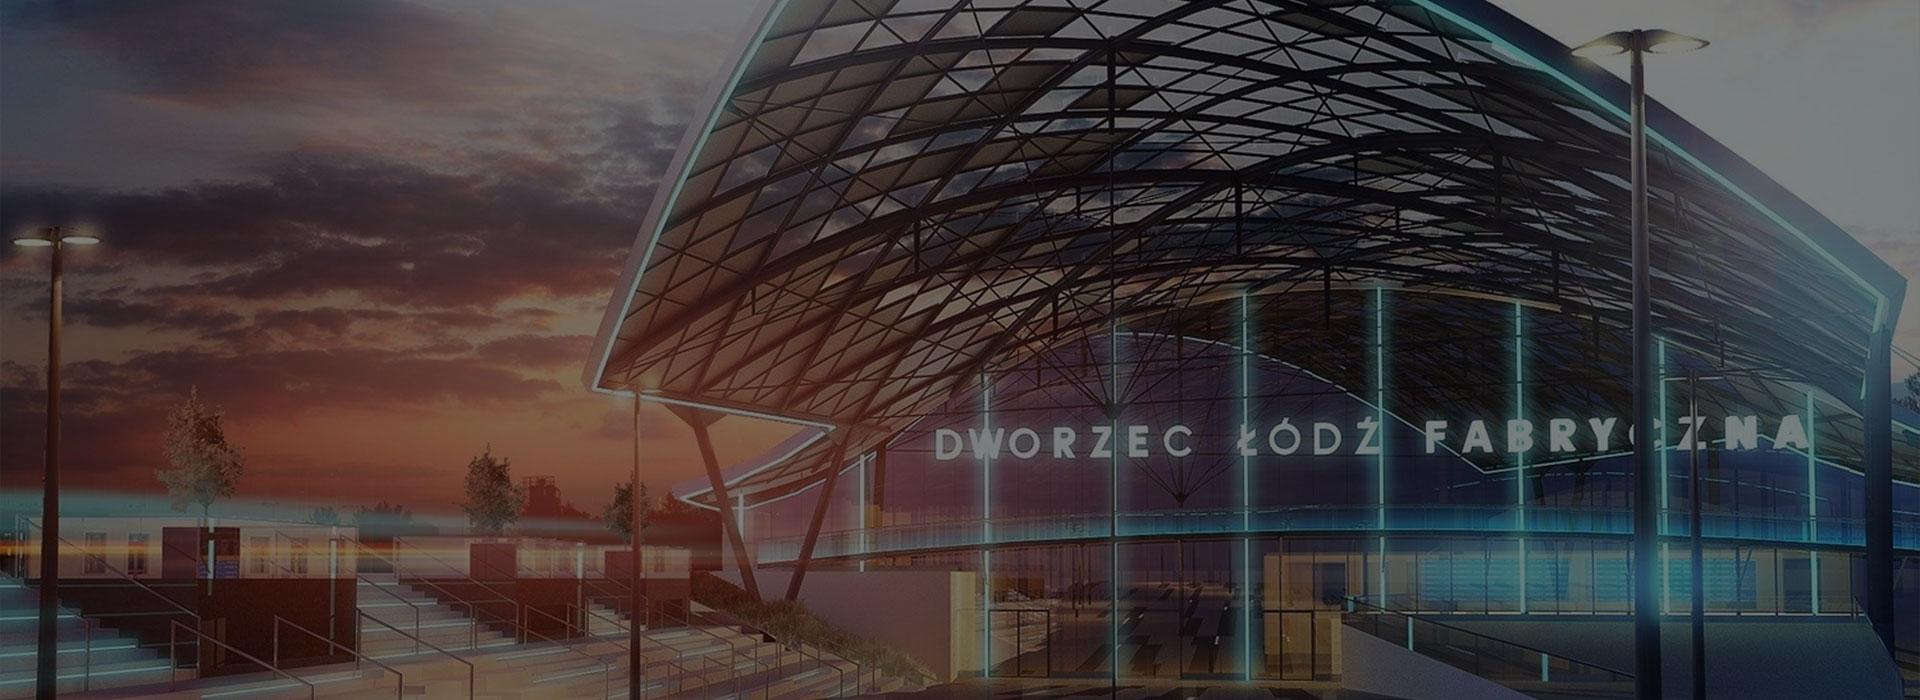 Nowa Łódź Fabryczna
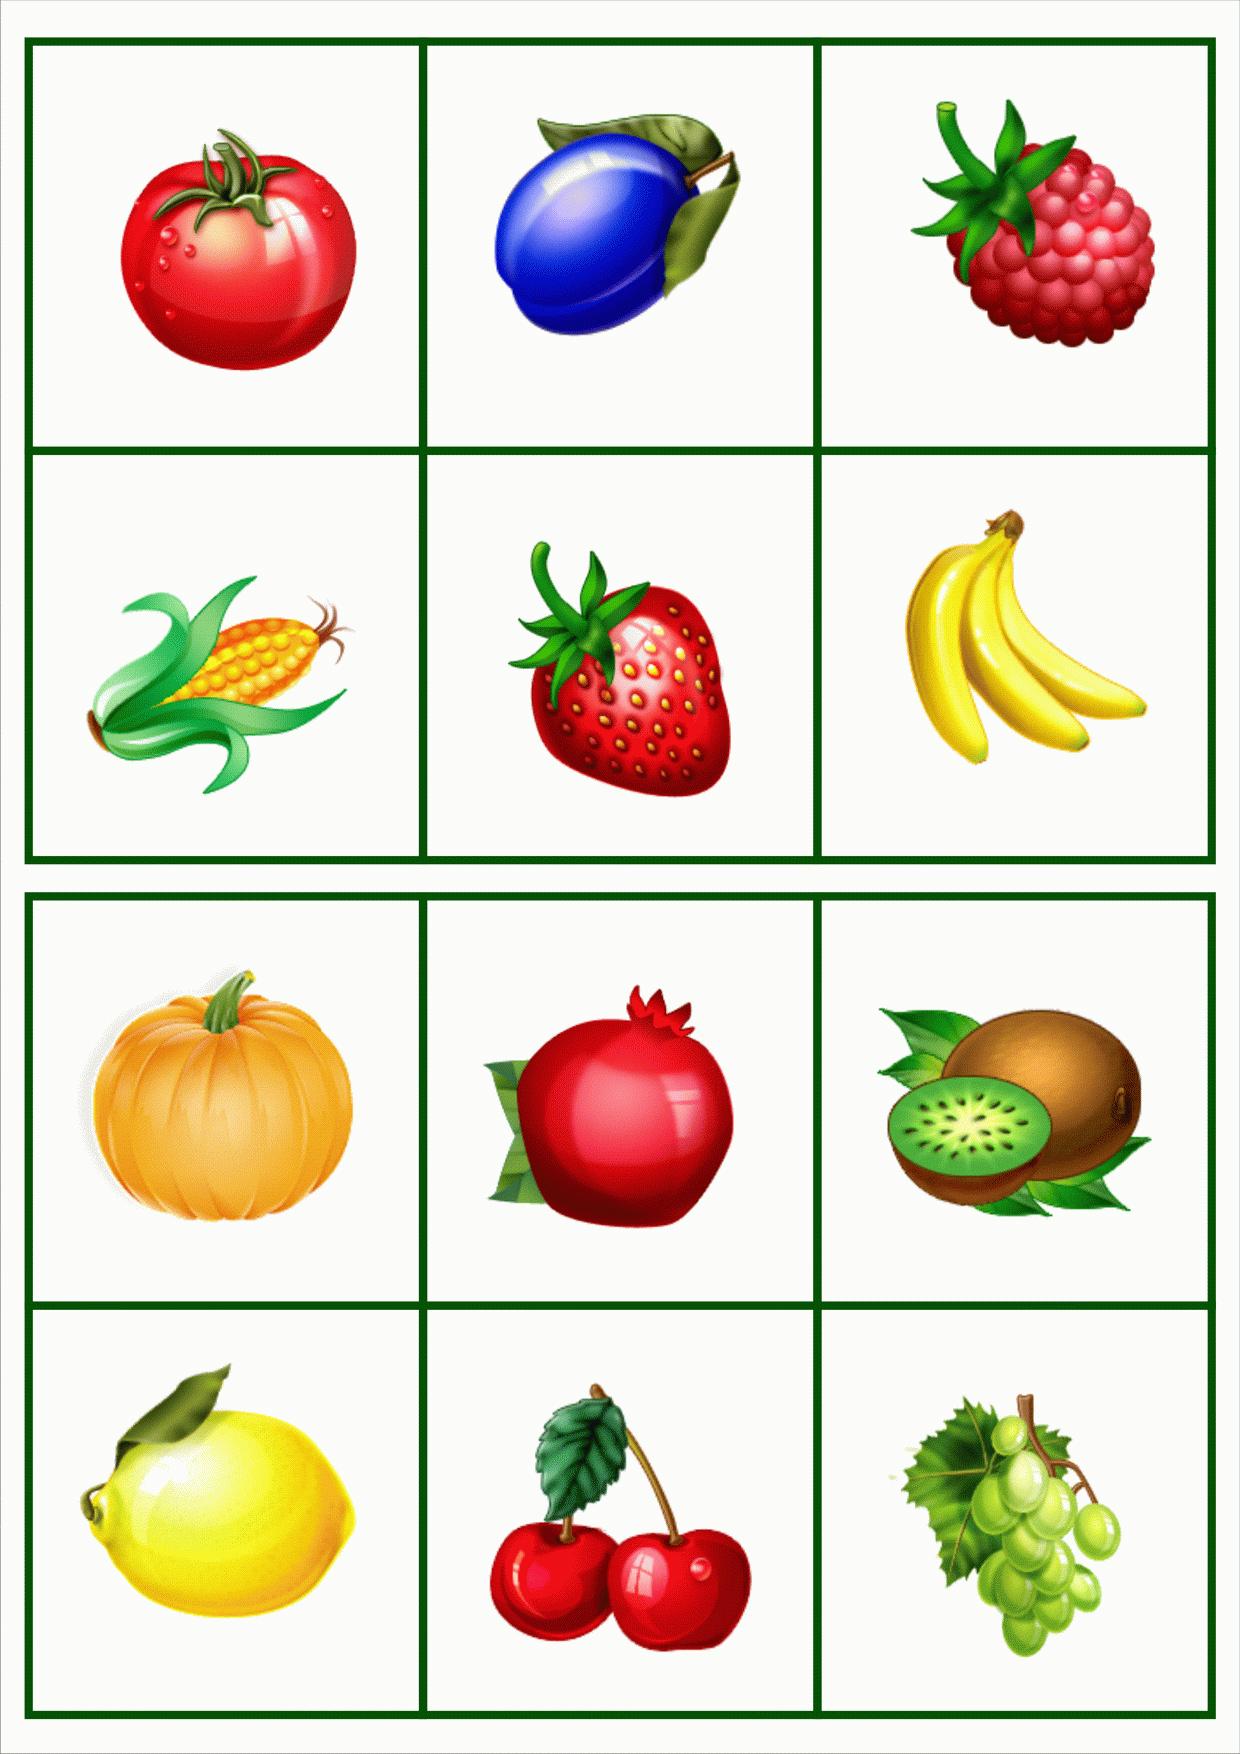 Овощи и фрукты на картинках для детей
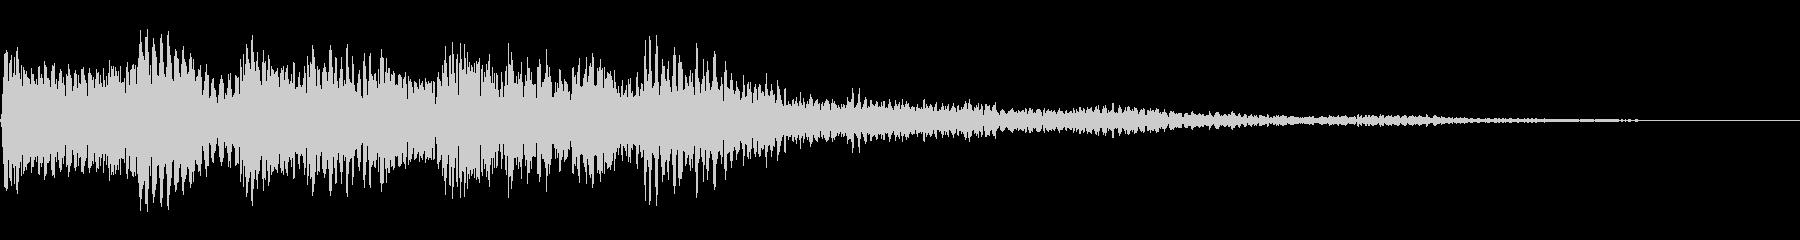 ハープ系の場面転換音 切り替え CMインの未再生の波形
______________________________
WHAT TO PRODUCE
Whenever images occur above, omit them and retype each line exactly as it stands.

ANSWER TO THIS EXERCISE
 Nowa Łódź Fabryczna
 Овощи и фрукты на картинках для детей
 ハープ系の場面転換音 切り替え CMインの未再生の波形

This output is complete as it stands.